Laat nooit toe dat de heerser van de wereld vat op je krijgt
17-19. Wat is de wereld die in de macht van de Duivel ligt, en waarom mogen we die niet liefhebben?
17 Nog een manier waarop Satan ons probeert te verstrikken, is door ons ertoe te brengen de wereld, de onrechtvaardige, van God vervreemde mensenmaatschappij, te gaan liefhebben. Jezus noemde de Duivel „de heerser van de wereld” en zei: „Hij heeft geen vat op mij” (Johannes 14:30). Laten we hopen dat Satan nooit vat op ons krijgt! We beseffen natuurlijk dat ’de gehele wereld in de macht van die goddeloze ligt’ (1 Johannes 5:19). Daardoor kon de Duivel Jezus „alle koninkrijken der wereld” aanbieden voor één afvallige daad van aanbidding, iets wat Gods Zoon vierkant afwees (Mattheüs 4:8-10). De door Satan geregeerde wereld haat Christus’ volgelingen (Johannes 15:18-21). Geen wonder dat de apostel Johannes ons waarschuwde de wereld niet lief te hebben!
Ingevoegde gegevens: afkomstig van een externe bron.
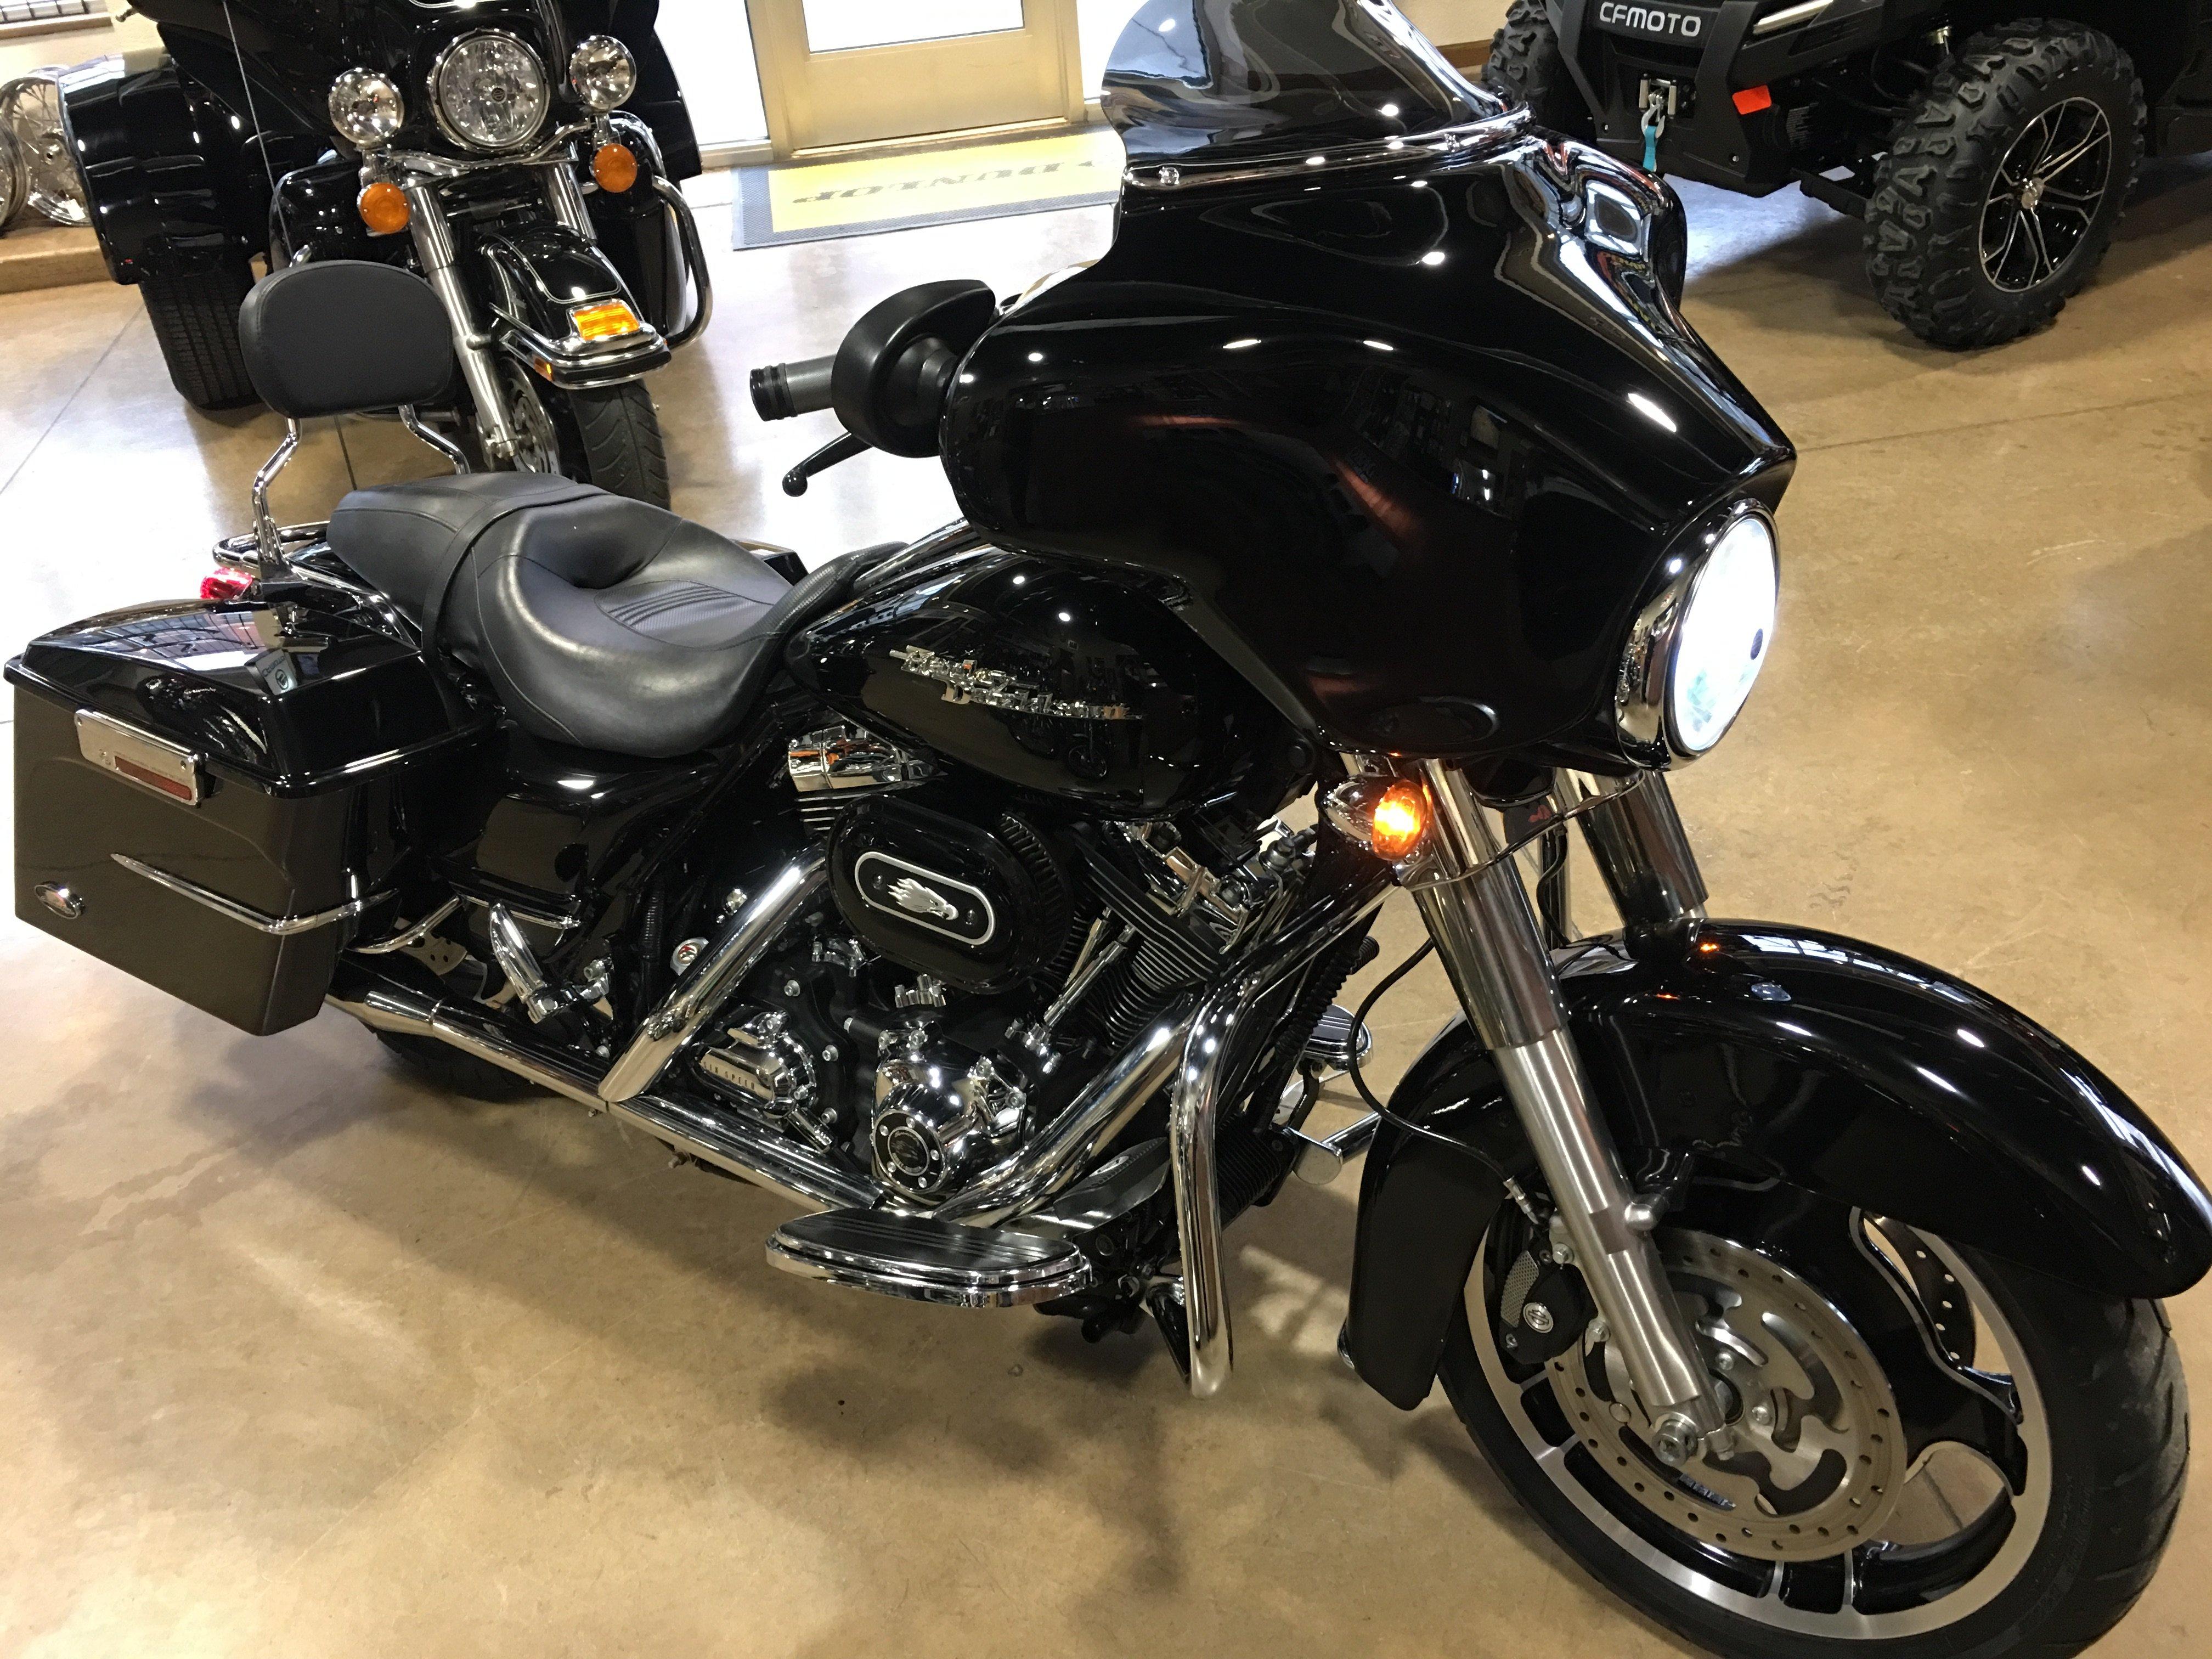 2008 Harley-Davidson FLHX Street Glide Black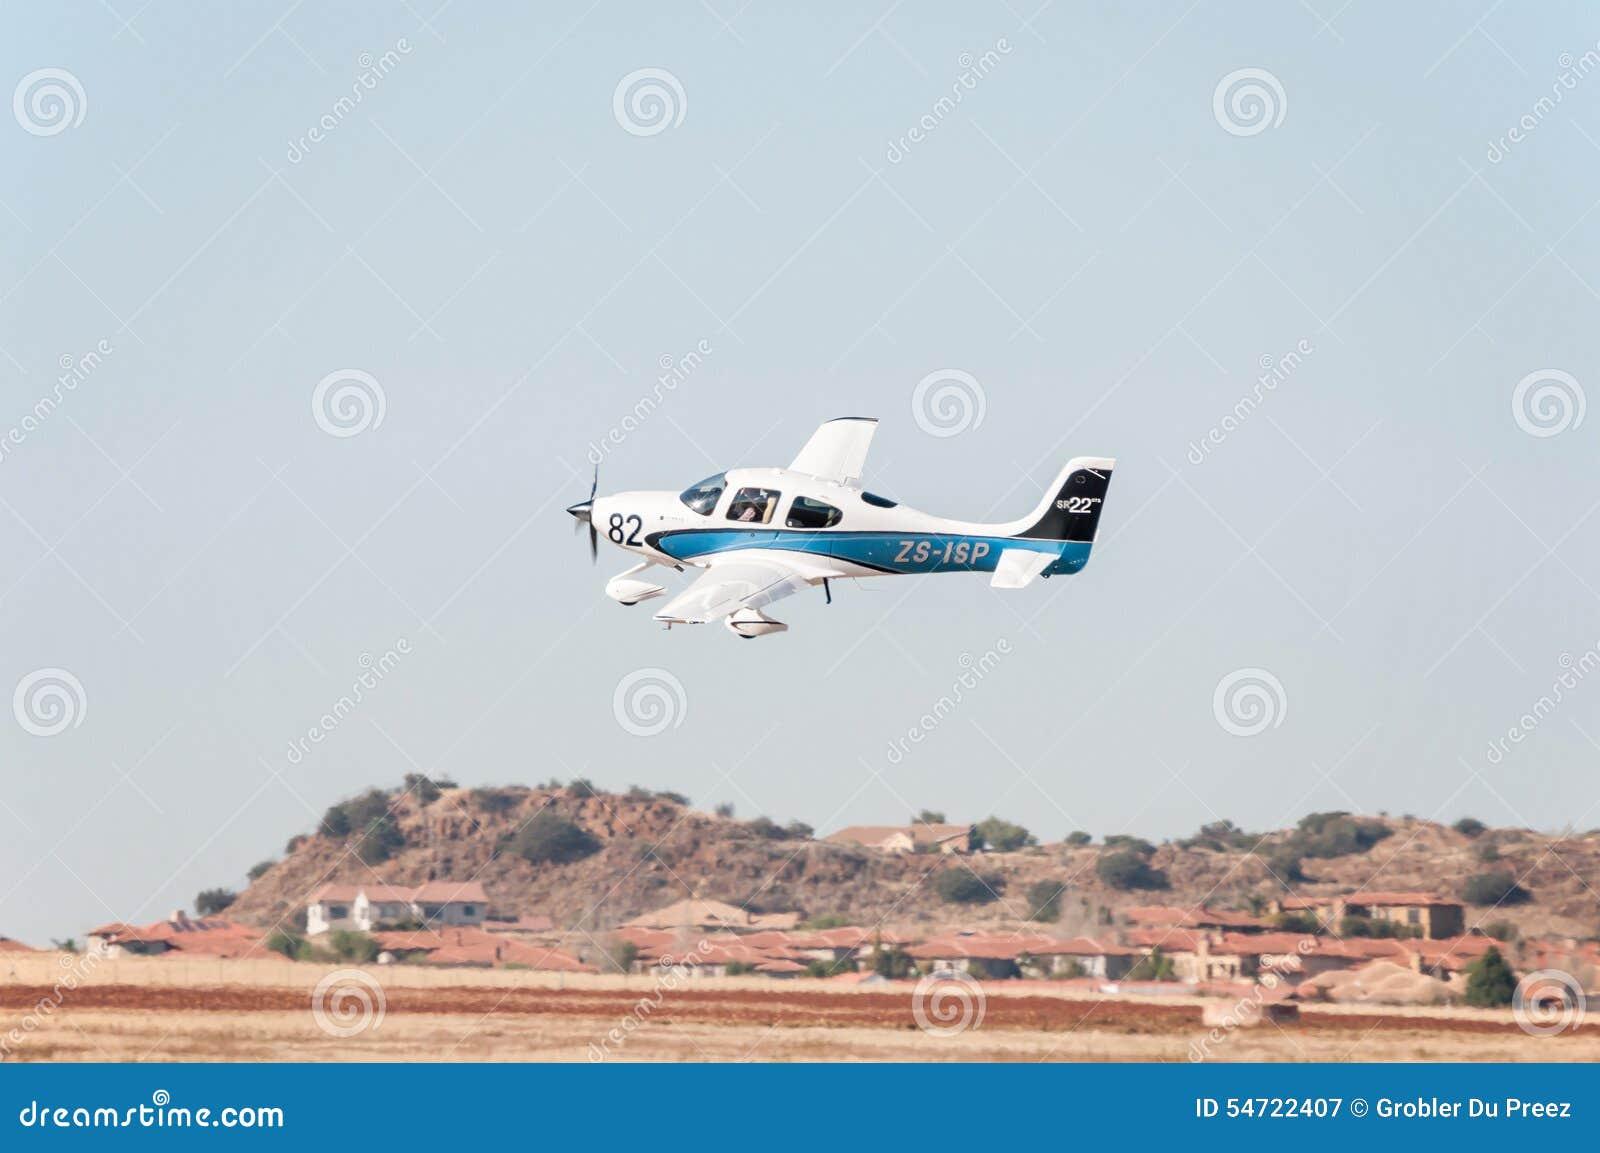 Beechcraft A36 stijgt in Presidenten Trophy Air Race op

18 Johannes schreef: „Hebt de wereld niet lief noch de dingen in de wereld. Indien iemand de wereld liefheeft, is de liefde van de Vader niet in hem; want alles wat in de wereld is — de begeerte van het vlees en de begeerte der ogen en het opzichtige geuren met de middelen voor levensonderhoud die men heeft — spruit niet voort uit de Vader, maar uit de wereld. De wereld gaat bovendien voorbij en ook haar begeerte, maar wie de wil van God doet, blijft in eeuwigheid” (1 Johannes 2:15-17). We mogen de wereld niet liefhebben, want de manier waarop ze leeft doet een beroep op het zondige vlees en is lijnrecht in strijd met Jehovah’s maatstaven.
19 Maar als we deze wereld nu wel liefhebben? Laten we dan bidden of God ons wil helpen om die liefde en de daarmee gepaard gaande vleselijke verlangens te overwinnen (Galaten 5:16-21). We zullen er beslist naar streven ons „onbevlekt van de wereld” te bewaren als we in gedachte houden dat „goddeloze geestenkrachten” de onzichtbare „wereldheersers” over de onrechtvaardige mensenmaatschappij zijn. — Jakobus 1:27; Efeziërs 6:11, 12; 2 Korinthiërs 4:4.
20. Waarom kan er gezegd worden dat we „geen deel van de wereld” zijn?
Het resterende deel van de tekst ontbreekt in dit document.